Vision fixes this by giving the robot an absolute reference. There are two big jobs vision does:

  • Pose estimation — figuring out the robot's exact field position by looking at AprilTags whose locations are published in advance.
  • Game-piece detection — finding and aiming at the season's scoring object (a neural-network task, since game pieces have no convenient tag on them).

Get pose estimation working and you unlock auto-alignment, repeatable autonomous routines, and on-the-fly path correction.

What are AprilTags?

AprilTags are a visual fiducial system developed by researchers at the University of Michigan for low-overhead, high-accuracy localization. They look like simplified QR codes. Since 2024, FIRST has used the 36h11 family — a 6x6 grid of bits surrounded by a black-and-white border. FIRST places these tags at known positions around the field, so when your camera spots one, it can work backward to compute where the robot must be.

A single AprilTag detection gives you three things: the tag ID, a 3D pose of the camera relative to the tag (this requires a calibrated camera), and the precise pixel locations of the tag's corners. WPILib bundles the official field positions in an AprilTagFieldLayout, loaded from a JSON file. For the 2026 Rebuilt season there are even two layouts — the welded field and the AndyMark field — because the two field constructions differ slightly.

One catch worth knowing early: pose ambiguity. With a single tag, multiple real-world camera positions can project to nearly the same corner locations in the image, so the math sometimes can't tell which is correct. The fixes are seeing multiple tags at once, fusing with odometry history, or telling the camera your robot's heading. Both Limelight and PhotonVision have features built around solving exactly this.

Limelight: the hardware smart camera

Limelight is a smart camera — a self-contained unit with a lens, image sensor, and an onboard processor that does all the vision math inside the camera. You configure zero-code pipelines for color blobs, AprilTags, and neural networks through a built-in web interface, then read results over NetworkTables. Nothing extra to assemble.

The current lineup includes the Limelight 2+, 3, 3A, 3G, and 4. The differences matter:

ModelImage sensorBest resolution / FPSBuilt-in IMU
Limelight 3OV5647 color, rolling shutter90 fps @ 640x480No
Limelight 3GOV9281 mono, global shutter120 fps @ 1280x800No
Limelight 4OV9281 mono, global shutter120 fps @ 1280x800Yes

The jump to a global shutter sensor (3G and 4) is significant: global shutters capture the whole frame at once, so AprilTags stay crisp even when the robot is moving fast, while rolling shutters smear them.
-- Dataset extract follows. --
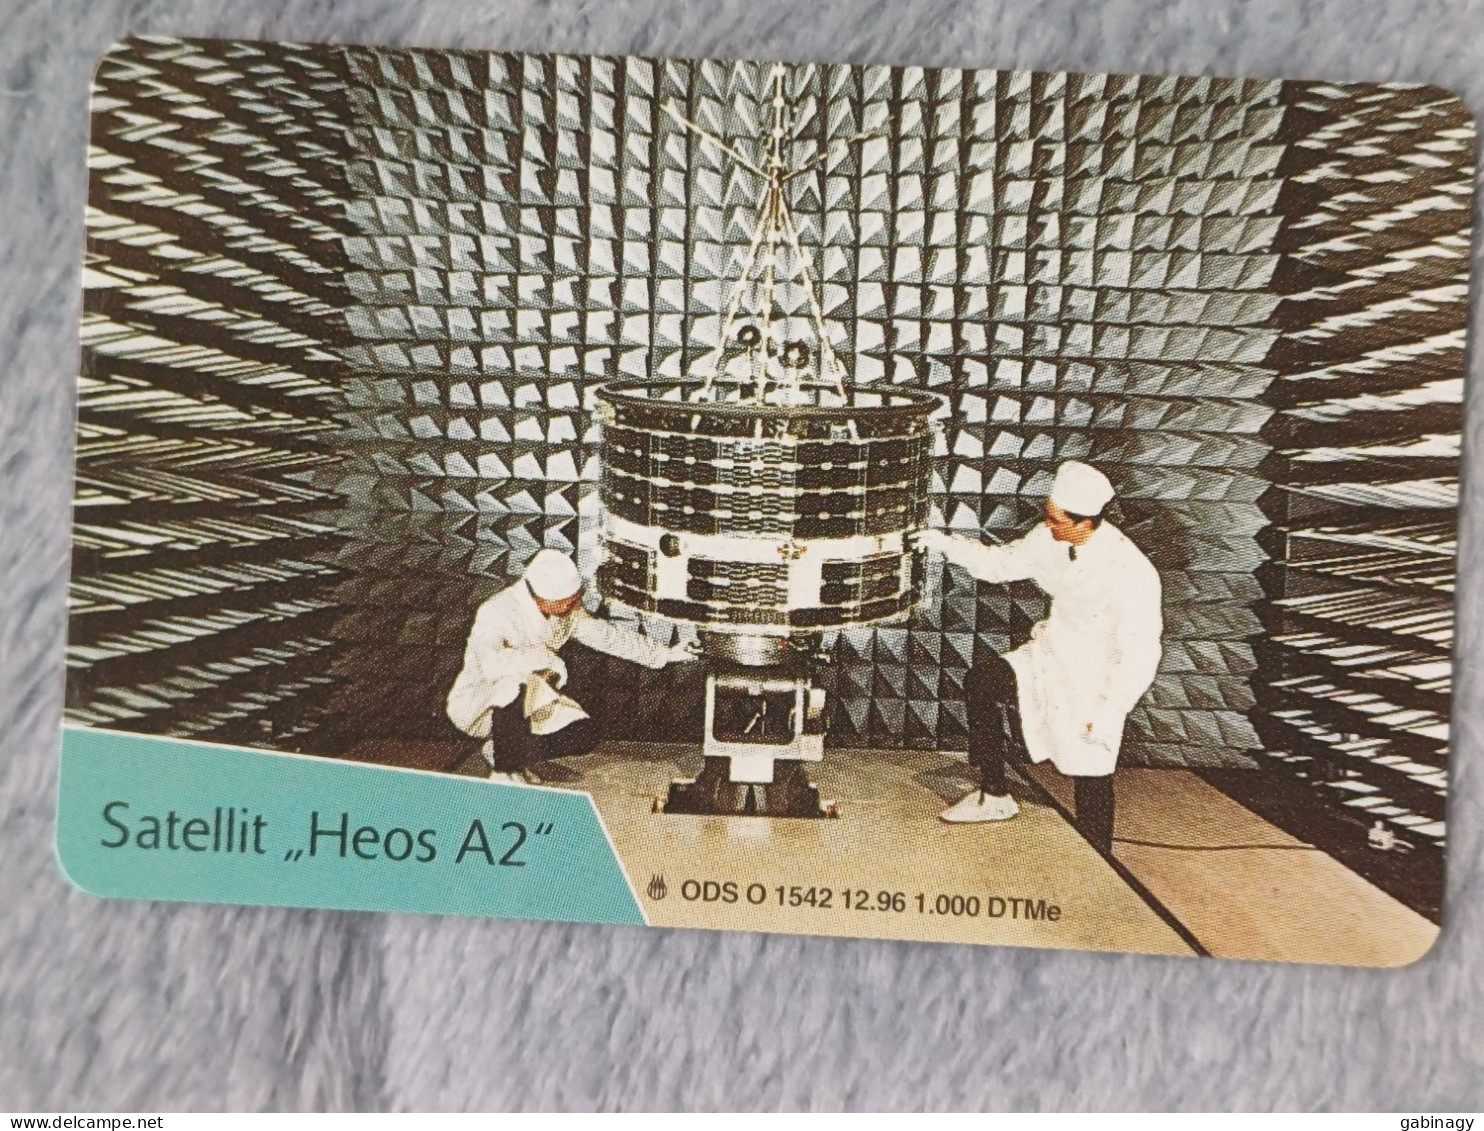 GERMANY-1080 - O 1542 - Eroberung Des Weltraums: Satellit "Heos A2" - SPACE - 1.000ex. - O-Serie : Serie Clienti Esclusi Dal Servizio Delle Collezioni

The Limelight 4 also adds a built-in IMU (for the MegaTag2 algorithm described below) and supports a Hailo-8 accelerator for YOLOv8 object detection at up to 80 fps. Note the LL4 accepts a 5V-24V input (35V absolute maximum) but dropped Power-over-Ethernet support, so plan your wiring on the electrical side accordingly.

MegaTag and MegaTag2

Limelight's localization secret sauce is MegaTag. The original MegaTag (MT1) combines the corners of all visible tags into one pose, which beats averaging individual single-tag estimates and reduces ambiguity. MegaTag2 (MT2) goes further: if you feed it your robot's heading every frame via LimelightHelpers.SetRobotOrientation(), it produces a stable, ambiguity-free pose even from a single tag at long range. You read the result from the NetworkTables key botpose_orb_wpiblue (blue-origin coordinates) or through the helper getBotPoseEstimate_wpiBlue_MegaTag2(). The tradeoff: MT2 trusts the heading you give it, so your gyro must be accurate.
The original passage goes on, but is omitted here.